The Commission plans to propose new legislative proposals in the first quarter of 2021 to ensure a more comprehensive EU policy on preventing money laundering and countering the financing of terrorism (AML/CFT). Work at international level would suggest a need to expand the scope of sector or entities covered by AML/CFT to all virtual assets providers.

The Commission intends to come forward with a legislative initiative on crypto-assets(4) in the third quarter of 2020. To prepare this initiative, the Commission carried out a public consultation between December 2019 and March 2020.

This consultation had a dedicated section on AML/CFT aspects of crypto-assets. In particular, it asked for stakeholders’ views on the need to align the definition used in the EU AML/CFT framework with the FATF recommendation or with a ‘crypto-asset’ definition. The Commission will take those stakeholders’ views into account when preparing its impact assessment and legislative proposal.
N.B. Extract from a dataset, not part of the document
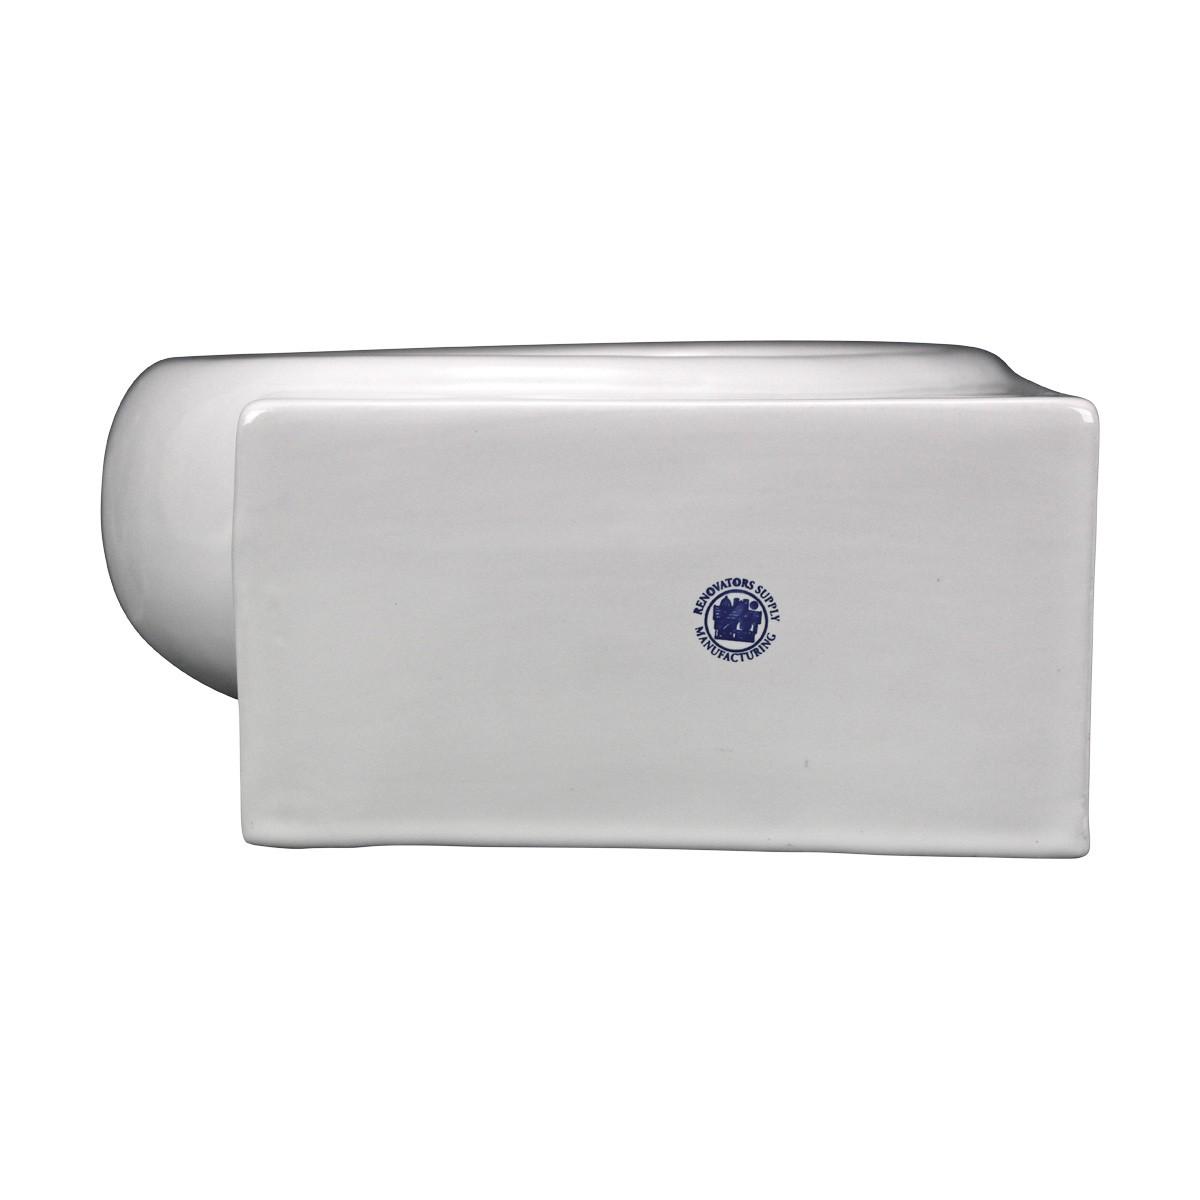 Corner Wall Mount Bathroom Sink Above Counter Vessel White bathroom vessel sinks Countertop vessel sink Vitreous China Bathroom Sinks

(1)Directive (EU) 2018/843 of the European Parliament and of the Council of 30 May 2018 amending Directive (EU) 2015/849 on the prevention of the use of the financial system for the purposes of money laundering or terrorist financing, and amending Directives 2009/138/EC and 2013/36/EU, OJ L 156, 19.6.2018.
(2)See Outcomes of the FATF Plenary, 17-19 October 2018, http://www.fatf-gafi.org/publications/fatfgeneral/documents/outcomes-plenary-october-2018.html .
(3)Report from the Commission to the European Parliament and the Council on the assessment of the risk of money laundering and terrorist financing affecting the internal market and relating cross-border activities, COM(2019) 370 final, 24.7.2019.